Current landslide hazard assessments often suffer from inadequate hazard characterization due to the neglect of parameter variability and reliance on a single dynamic indicator. To address this, this study proposes a probabilistic assessment framework that integrates parameter uncertainty analysis and dual dynamic indicators. Based on the Voellmy model, the framework simultaneously employs maximum momentum and maximum flow depth to characterize impact kinetic energy and burial effects, respectively.
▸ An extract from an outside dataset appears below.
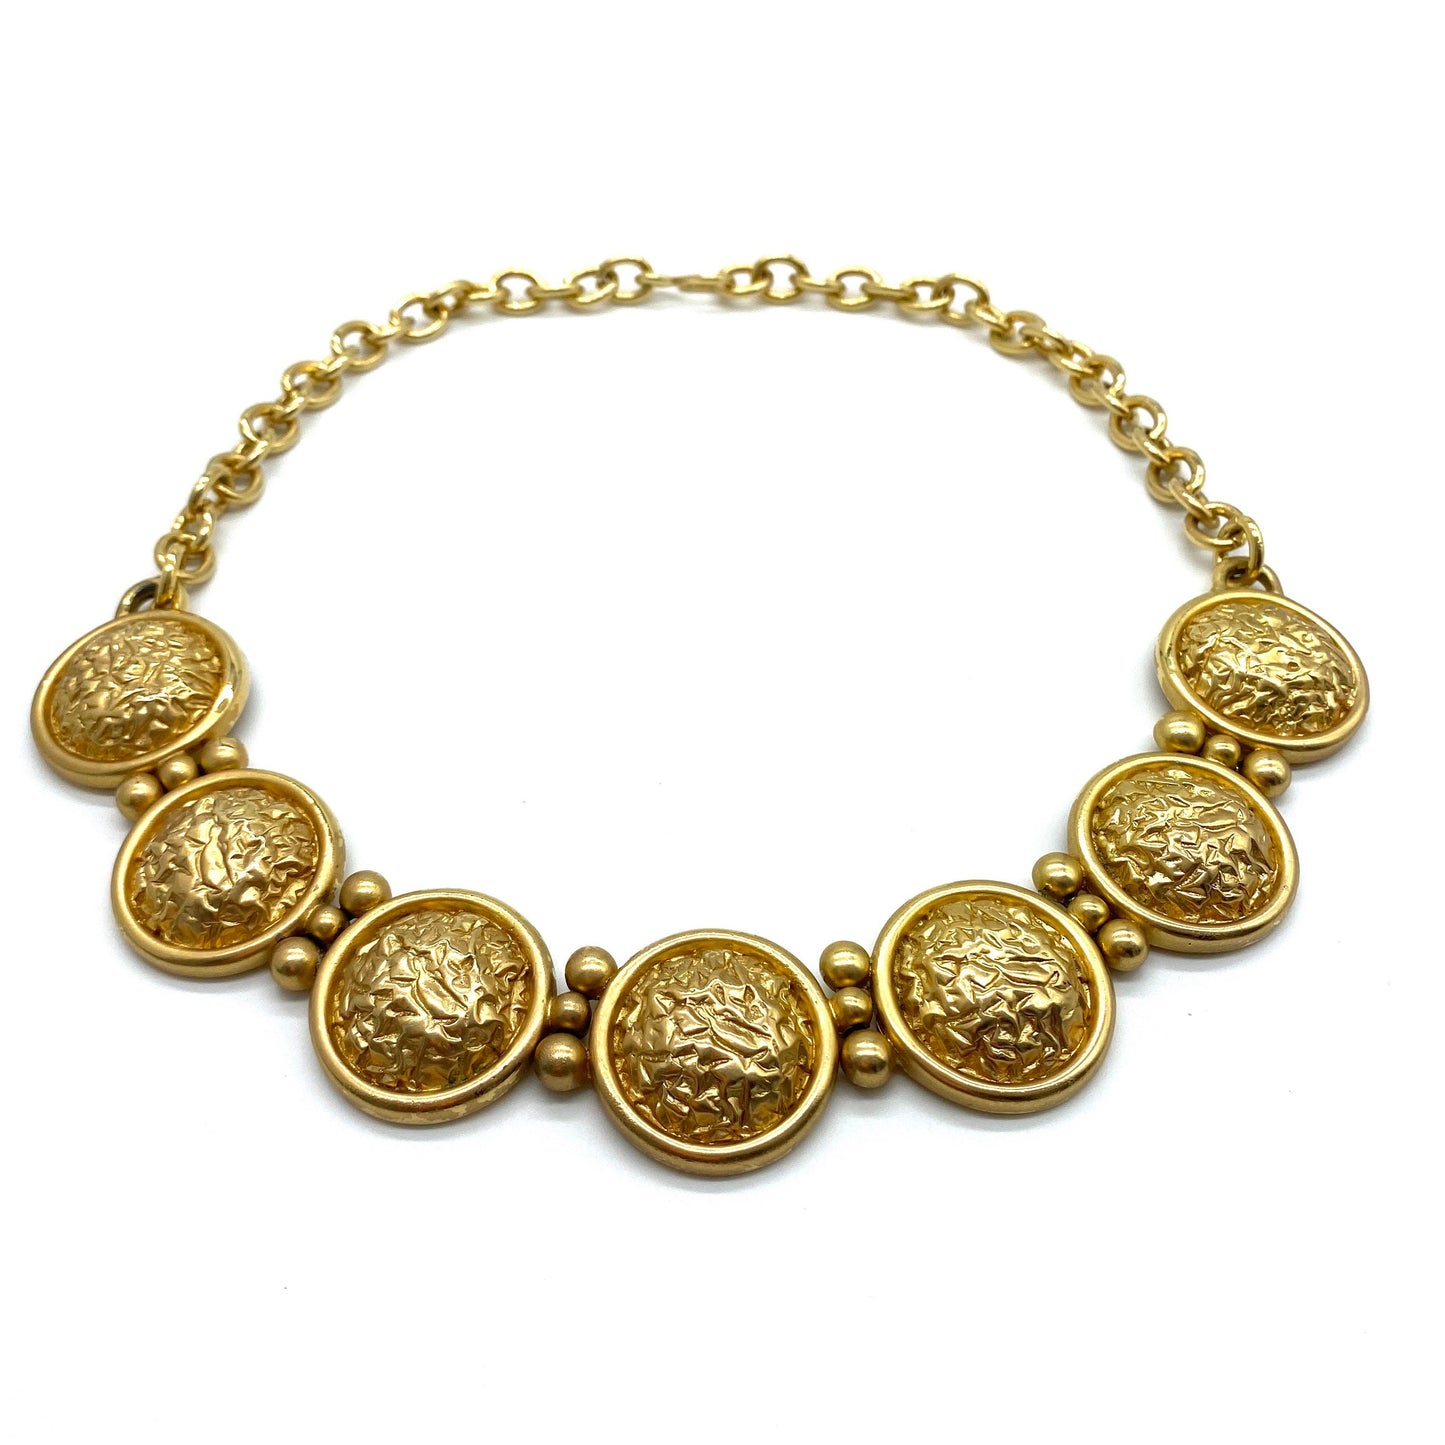 Joan Collins Signed Etruscan Revival Necklace

Furthermore, the uncertainty propagation of basal friction and turbulence parameters is quantified through Latin hypercube sampling, which is followed by the establishment of a Monte Carlo joint probability model and a three-level hazard zoning system.

Results

Application of this framework to the Sedongpu landslide demonstrates that the dual-indicator approach leverages complementary physical mechanisms to significantly optimize the identification of high-hazard areas. By providing a reliable multi-dimensional quantification of landslide hazards, this method addresses the deficiencies of traditional approaches, which are typically limited to binary reachability and univariate intensity metrics. Specifically, the integration of dual indicators yielded a performance improvement of nearly 10% in hazard identification compared to single-indicator methods.

Conclusions

proposed probabilistic framework successfully overcomes the limitations of single-indicator hazard assessments by integrating parameter uncertainty and dual dynamic indicators. This multi-dimensional approach provides a more accurate and reliable evaluation of landslide hazards, offering a solid scientific basis for differentiated disaster prevention and risk management strategies.